Gluten Free Goodie Girl Cookiesare now sold in the gluten free section of Zabar’s. This is a very big deal for me.
Our family has known the Zabar’s for as long as I can remember. One crazy-hot day at Camp Modin, in the summer of 1984, way too hot to imagine playing tennis, Rachel and I laid on burning concrete, hiding-away while we shelled almost half of her ten pound bag of pistachio’s that her parent’s had sent.
Calhoun was around the corner which put our high school female population, front and center of the biggest food craze of 1986. Tofutti Magic ice cream that would not make you fat.
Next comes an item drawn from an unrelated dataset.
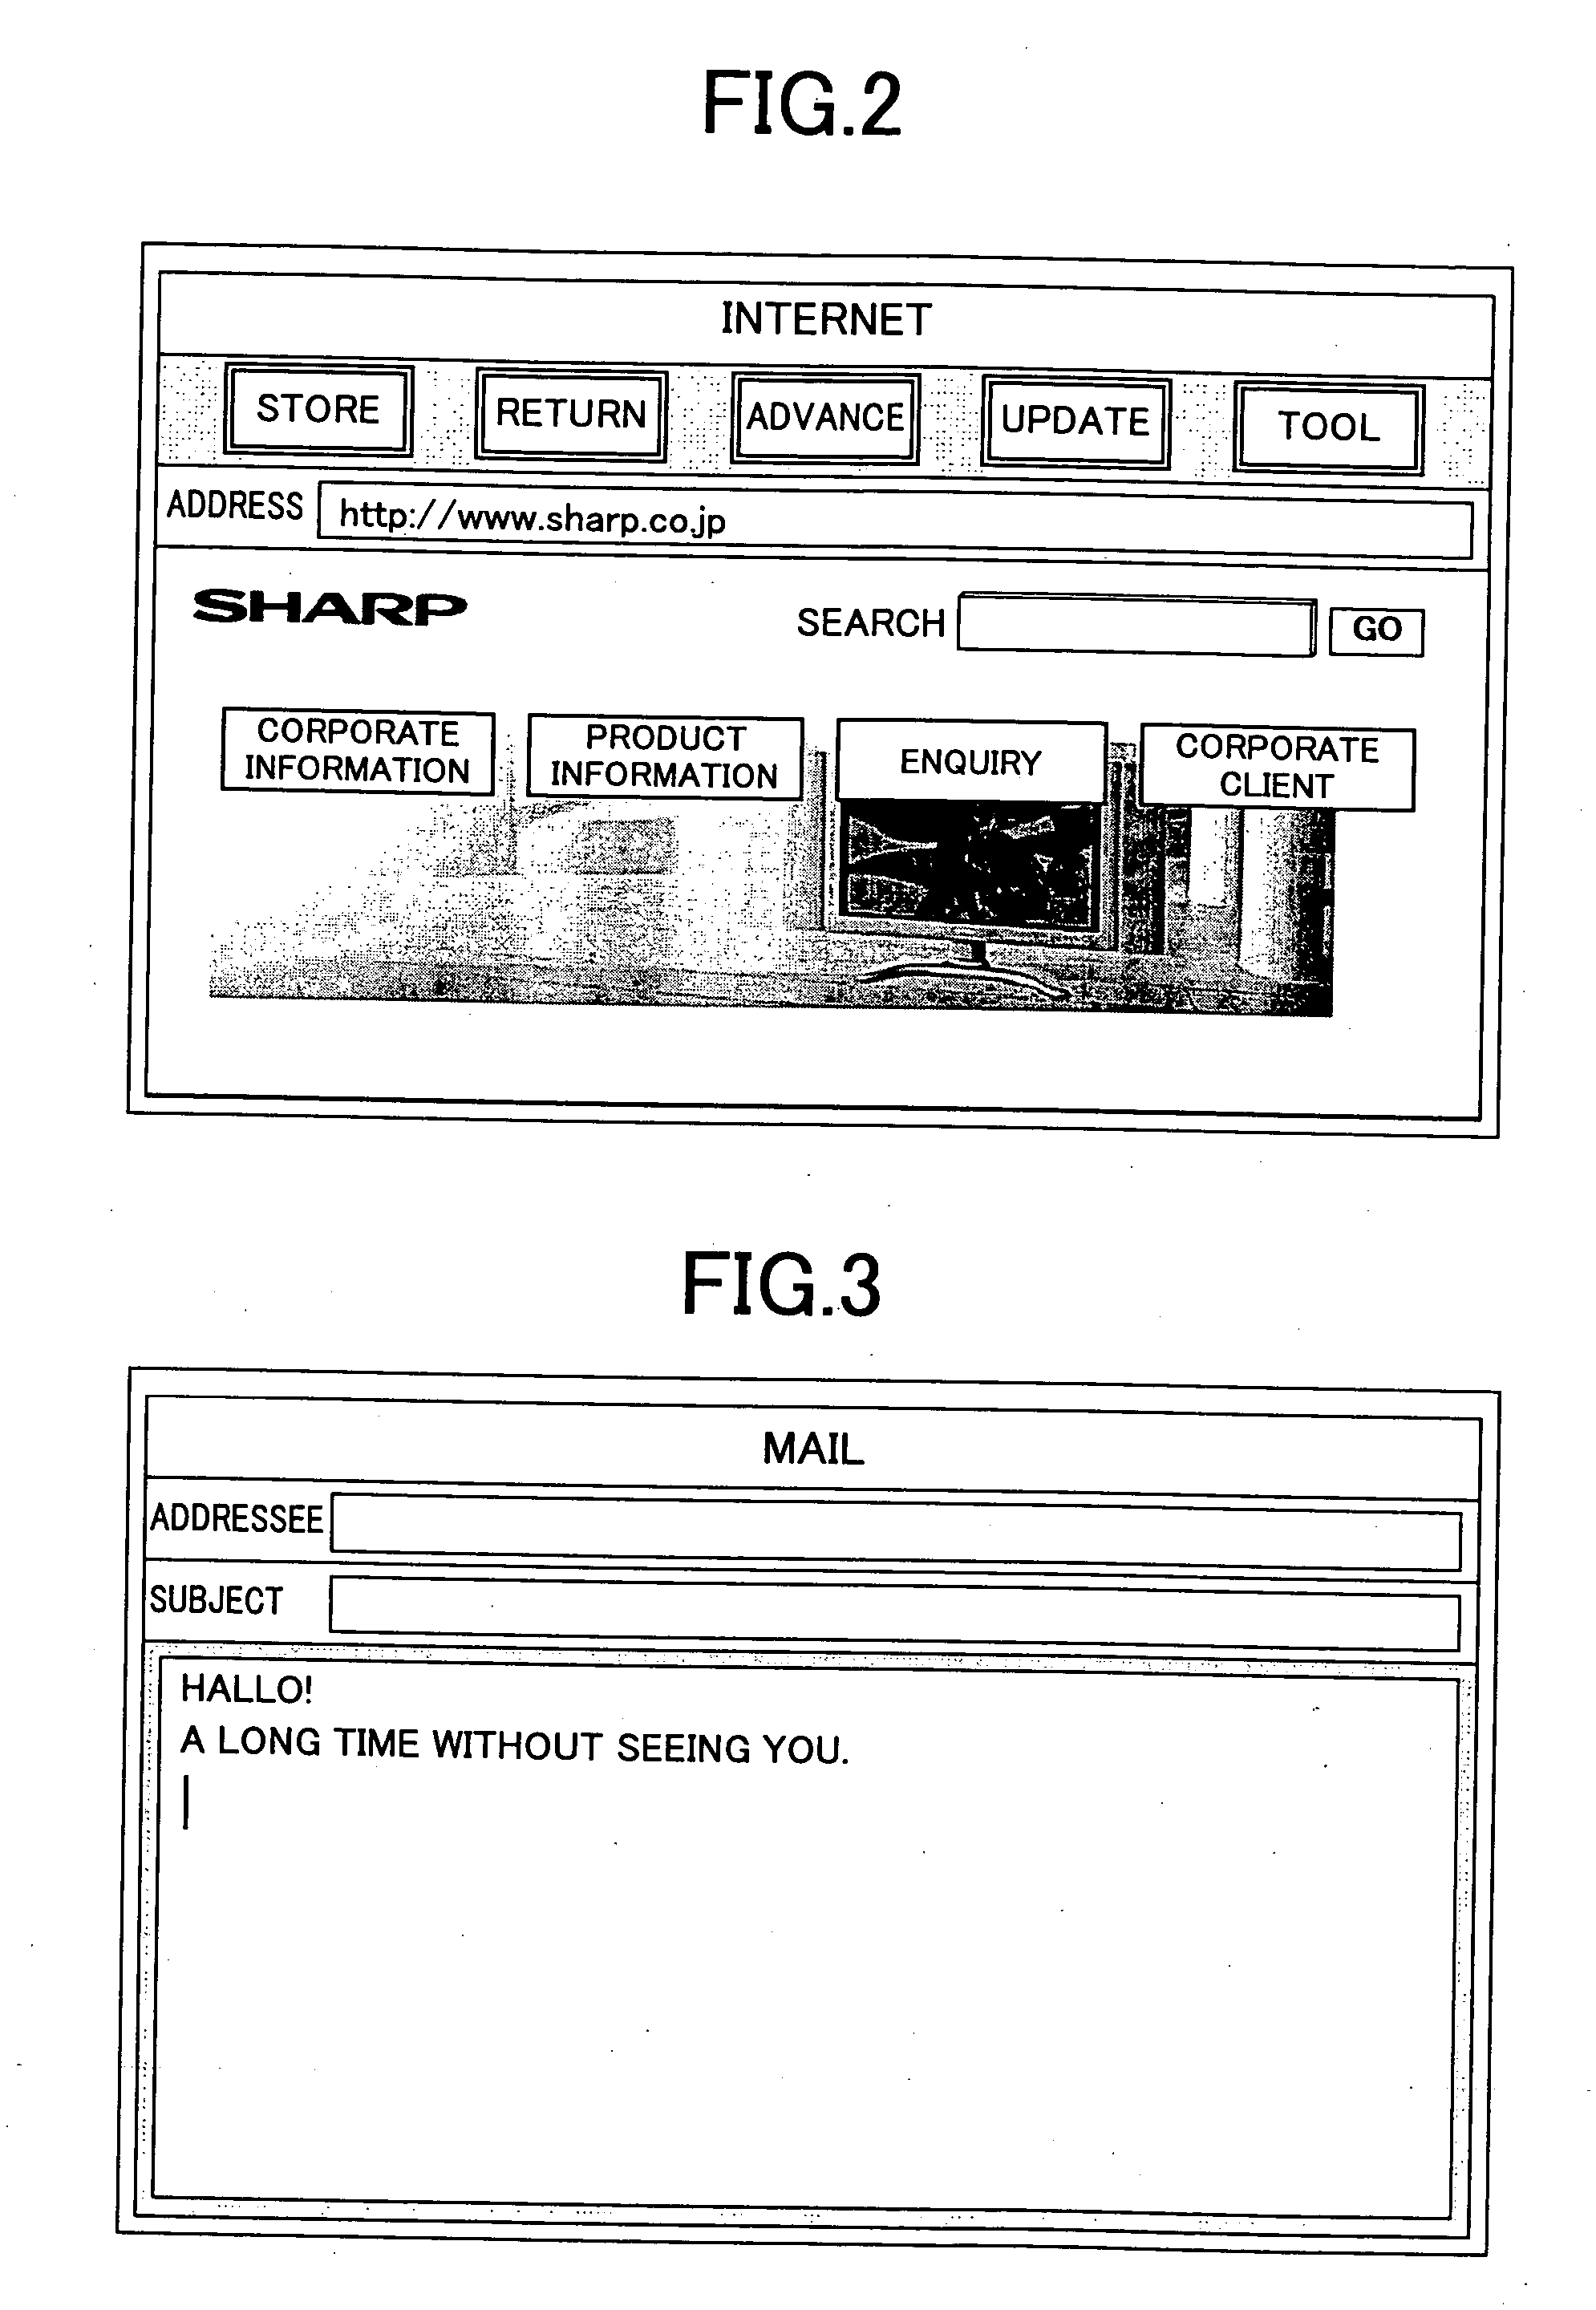 Image display device, image display method, and television receiver

We piled into Zabar’s daily to get our fix.
We are still members of the same synagogue as Saul and Carol. If my father had not passed away on Labor Day, I am sure his response to my telling him that I got my cookies into Zabar’s, would be some sarcastic remark about Saul not wearing a “dress shirt” for High Holidays or shunning them for their policy of opening the store on Yom Kippor.
But beneath his censure, was pure devotion, trustworthiness, and envy. Every Sunday at about 4:00, my dad would disappear for a walk down Broadway. He would return a few hours later, stopping along the way to browse at booksellers on the avenue, toting the orange logo bag. Inside without fail for at least 20 years, was his one piece of Parmessan for our Sunday pasta feast, one pound of famous Zabar’s roasted coffee, before anyone talked about coffee, and if he was in an especially good mood, maybe a piece of marble halvah.
Zabar’s was and is the most important supermarket of my “foodiness.”